Print the listing as it stands, omitting all images.

◆ Dataset section

□ □ □ □ □ □ □

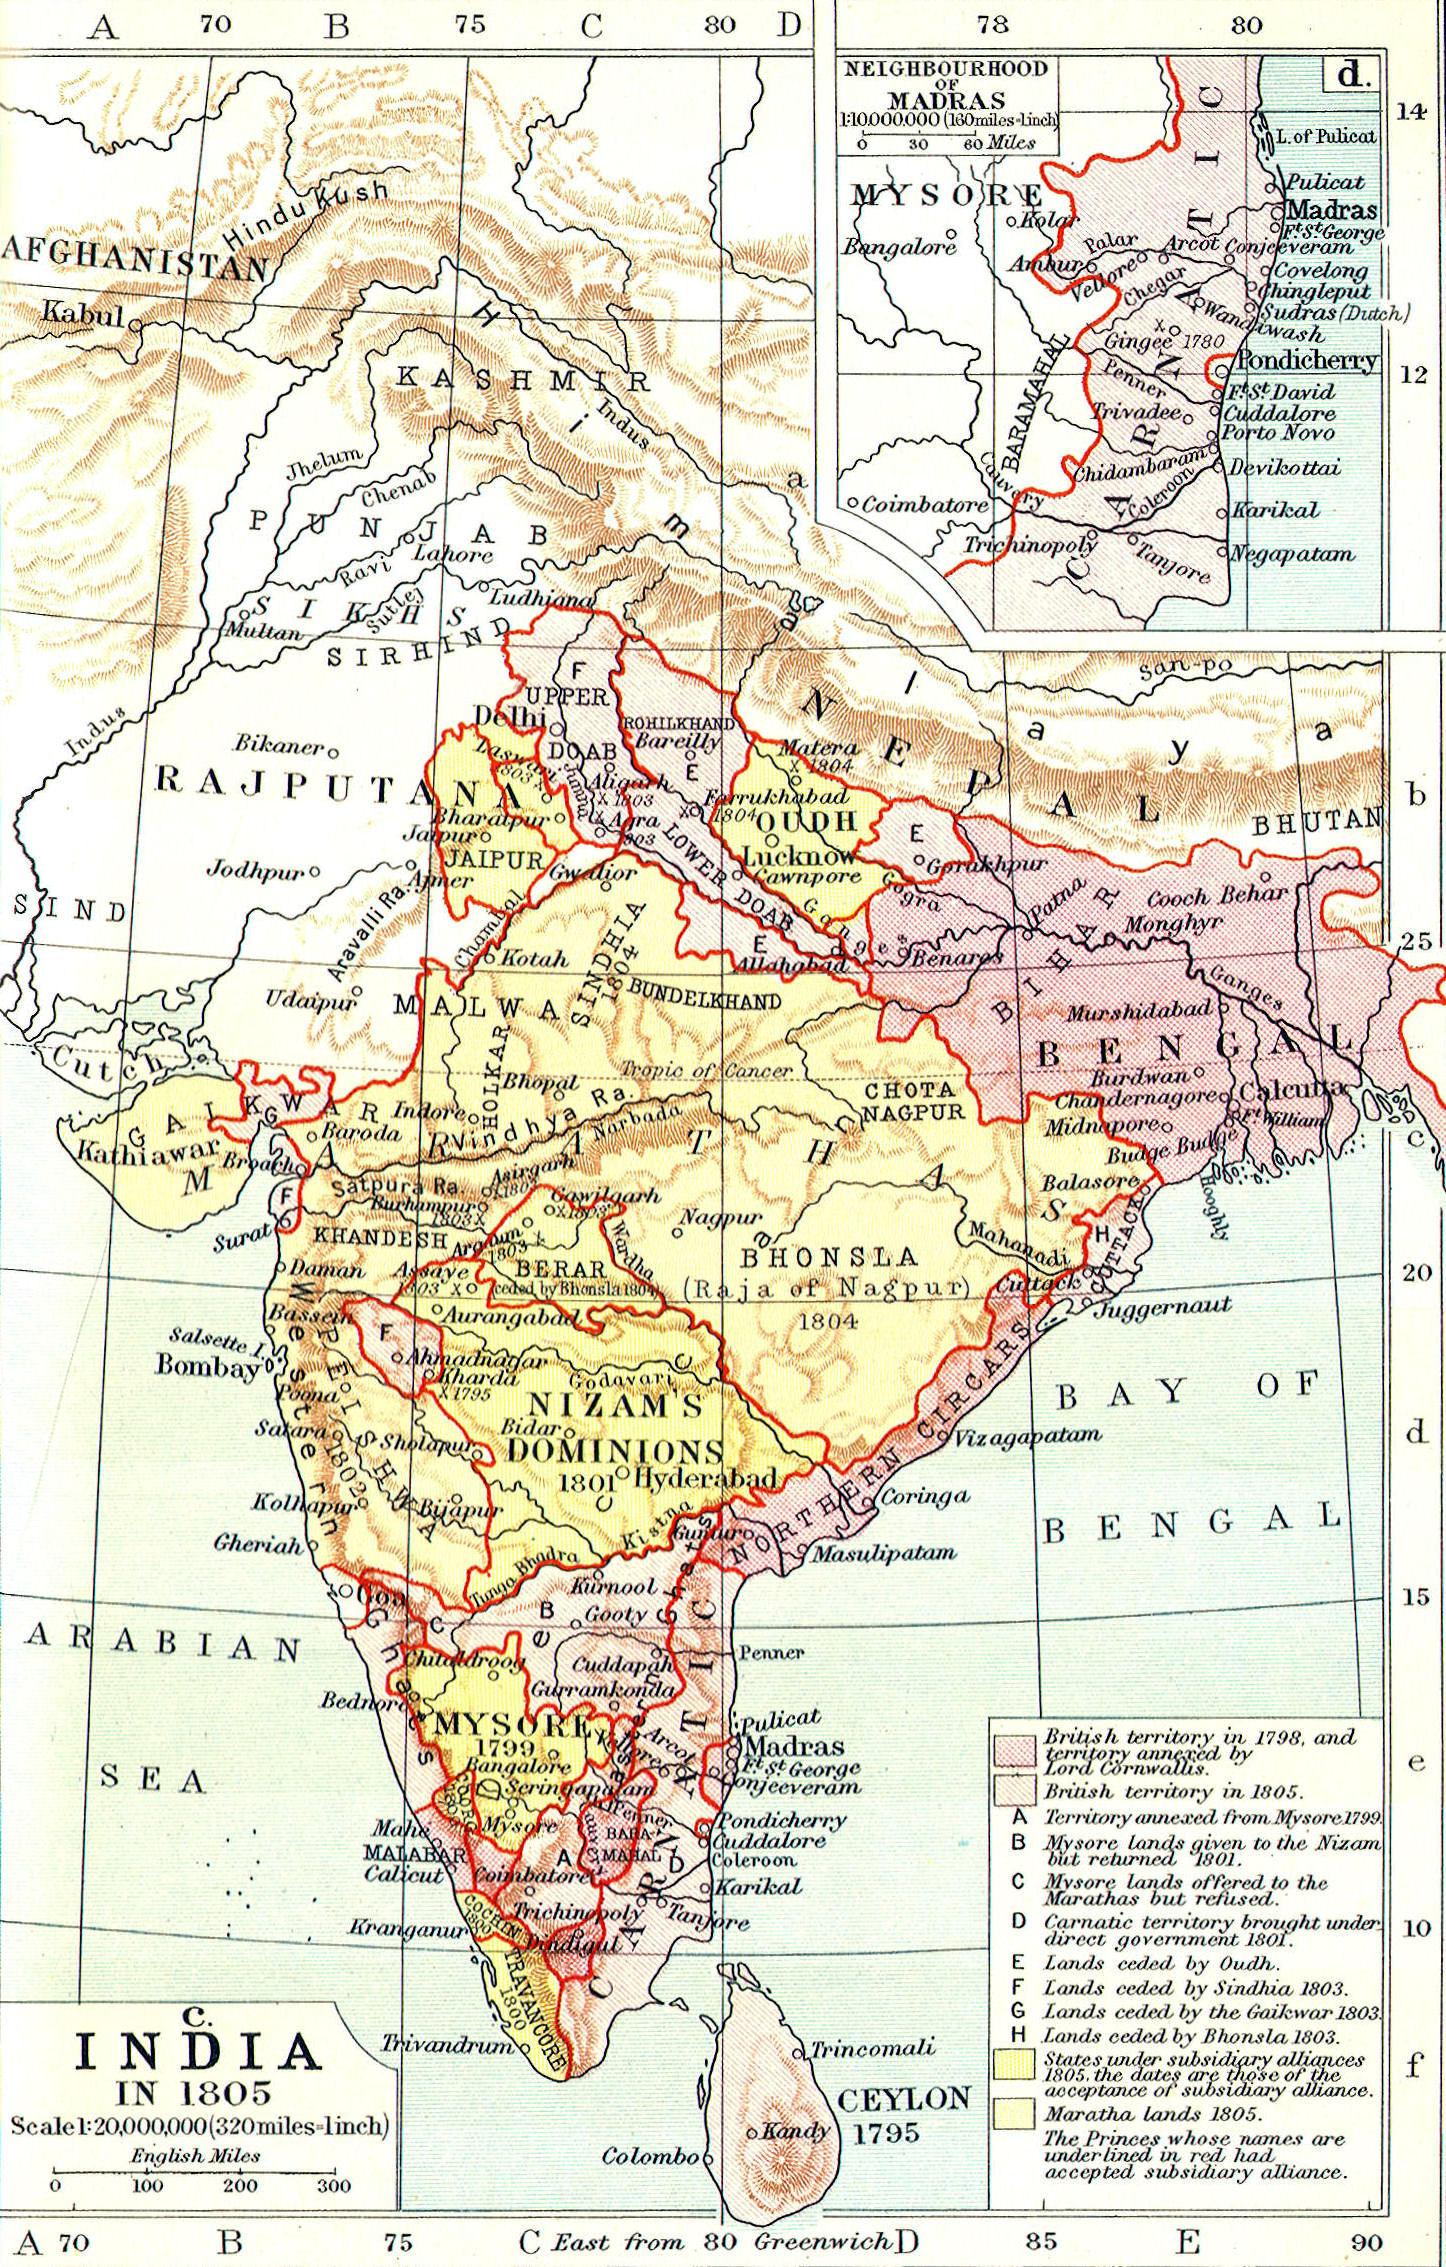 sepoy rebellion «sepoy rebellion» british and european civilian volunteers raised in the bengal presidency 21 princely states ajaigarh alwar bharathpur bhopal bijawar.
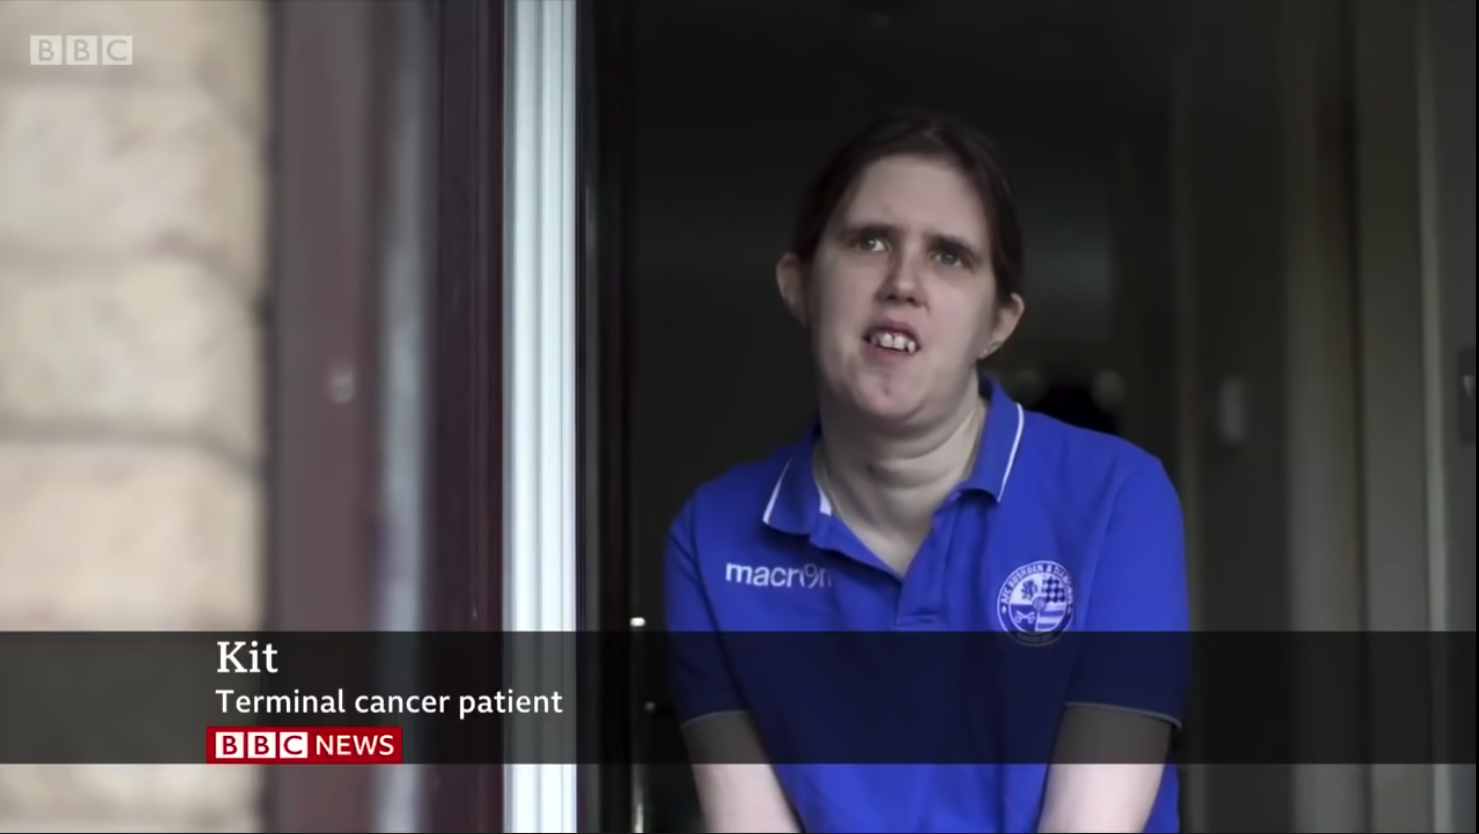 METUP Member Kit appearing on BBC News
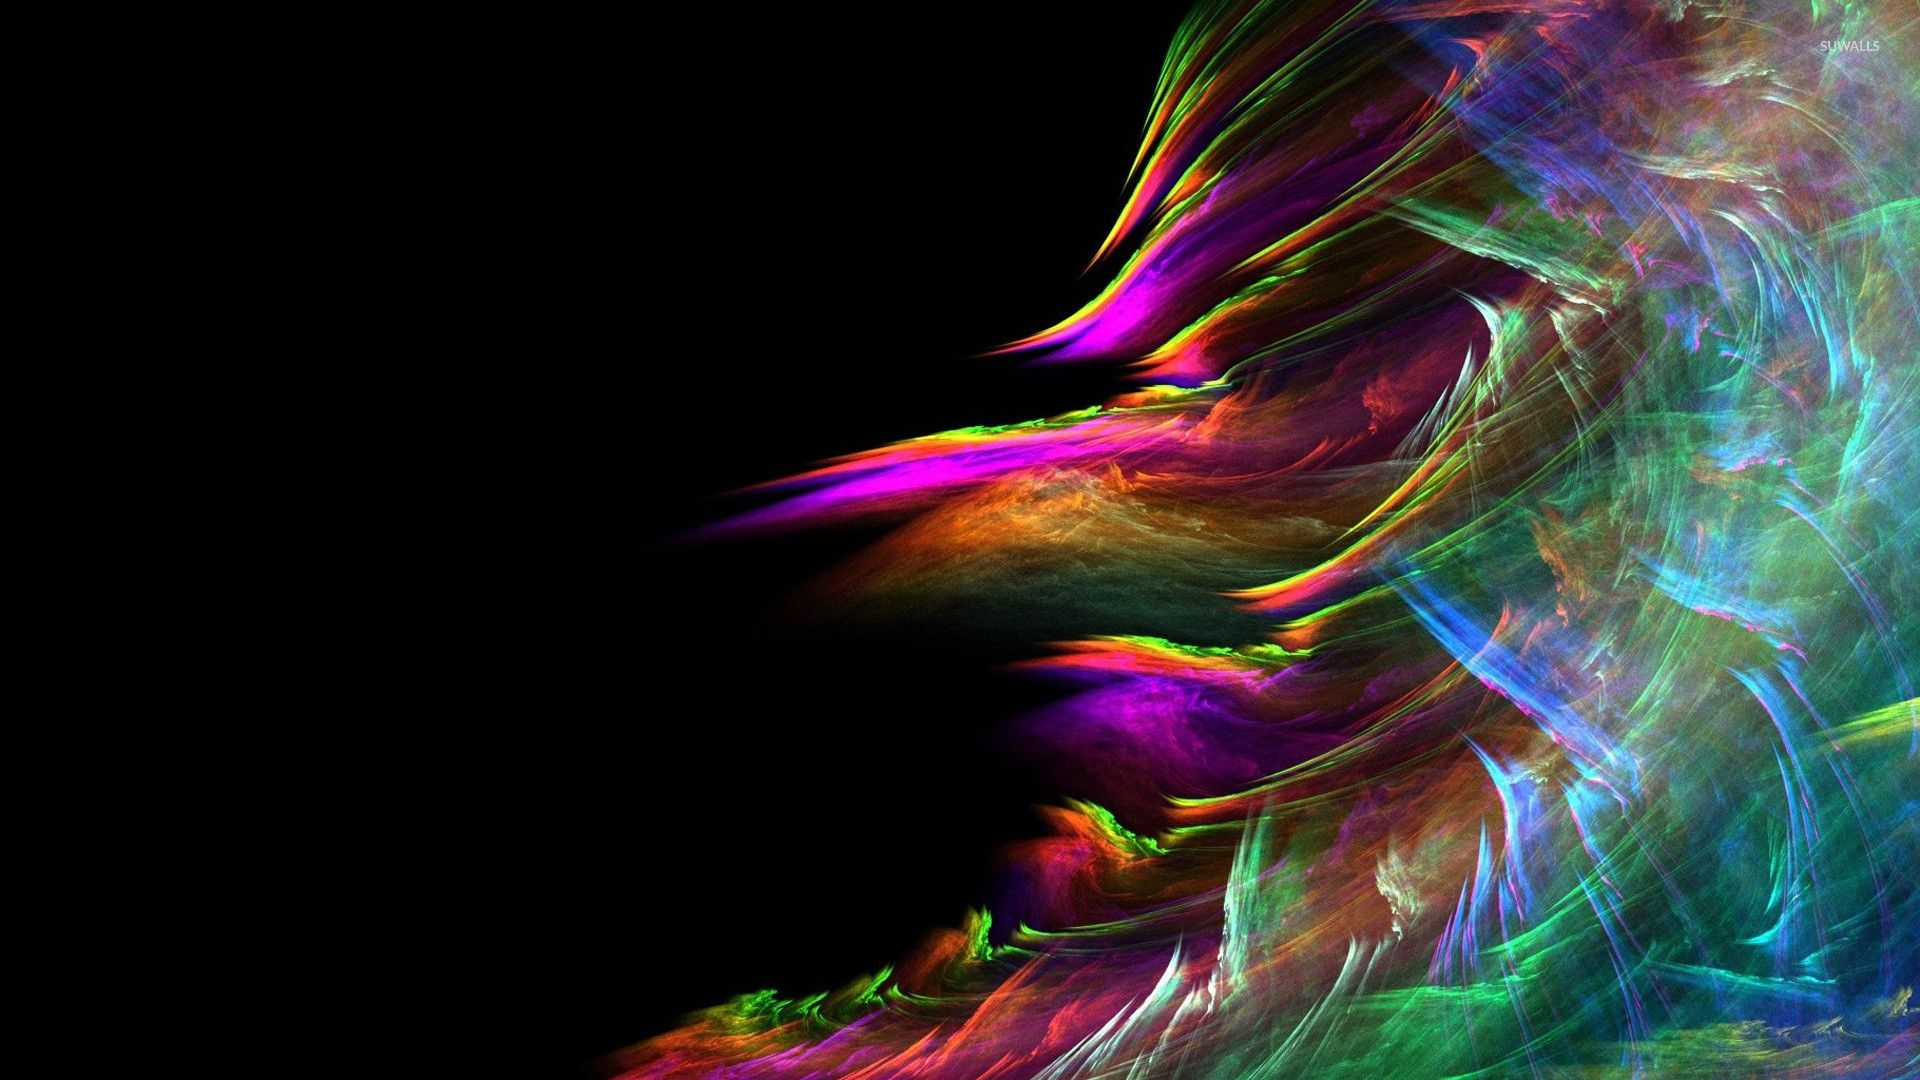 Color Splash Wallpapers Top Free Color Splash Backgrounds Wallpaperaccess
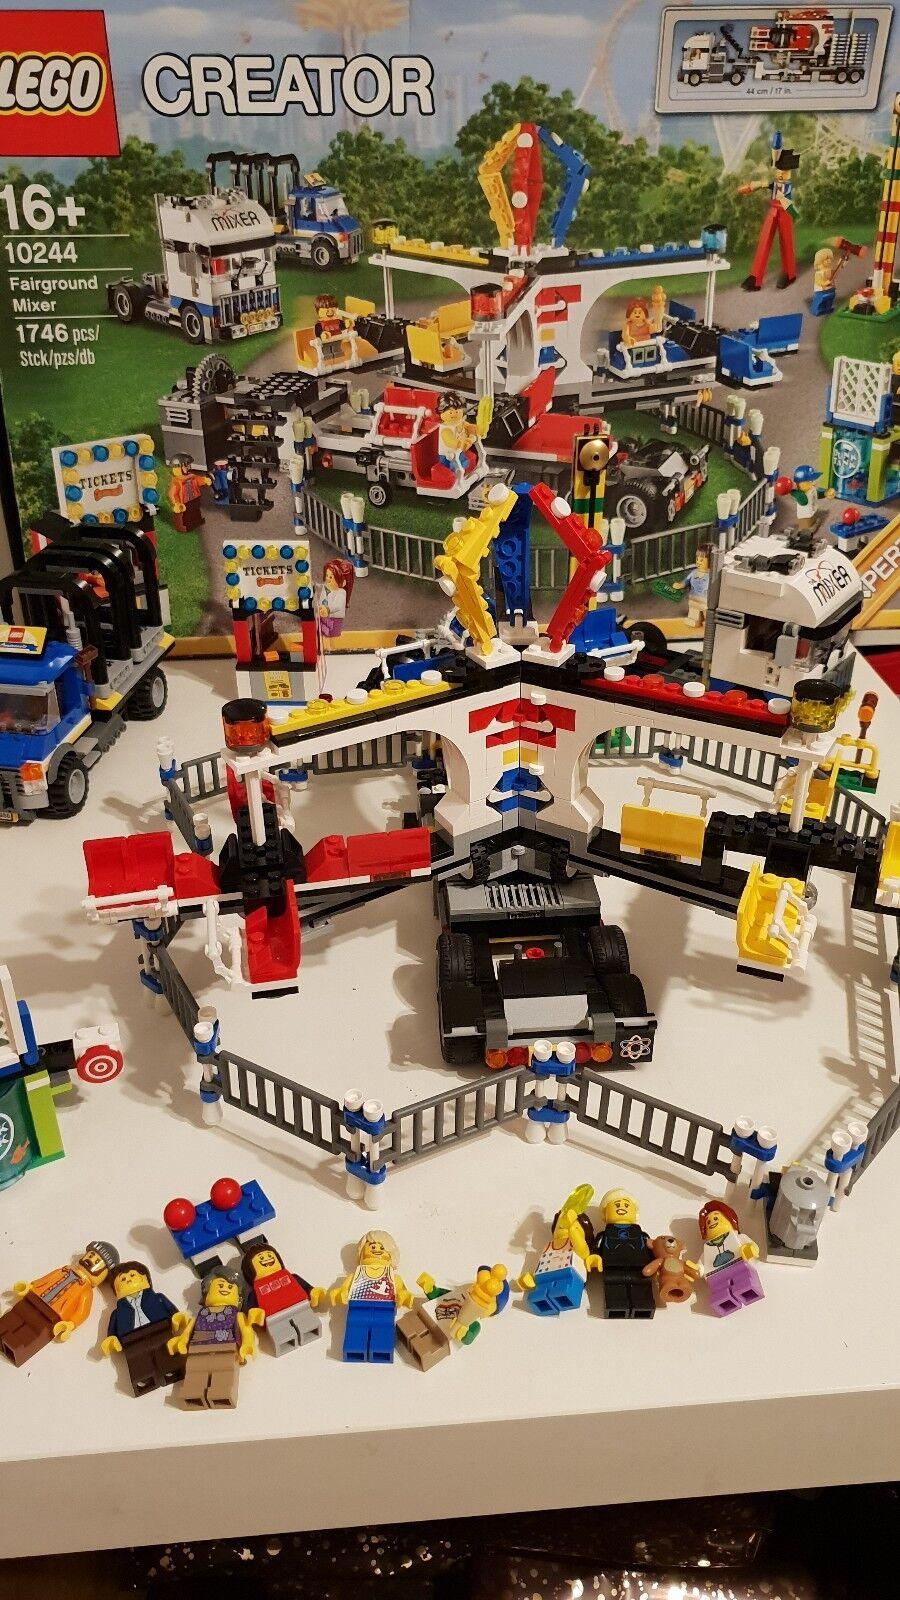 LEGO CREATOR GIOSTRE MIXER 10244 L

□ □ □ □ □ □ □

◆ Reply
 sepoy rebellion «sepoy rebellion» british and european civilian volunteers raised in the bengal presidency 21 princely states ajaigarh alwar bharathpur bhopal bijawar.
 METUP Member Kit appearing on BBC News
 Color Splash Wallpapers Top Free Color Splash Backgrounds Wallpaperaccess
 LEGO CREATOR GIOSTRE MIXER 10244 L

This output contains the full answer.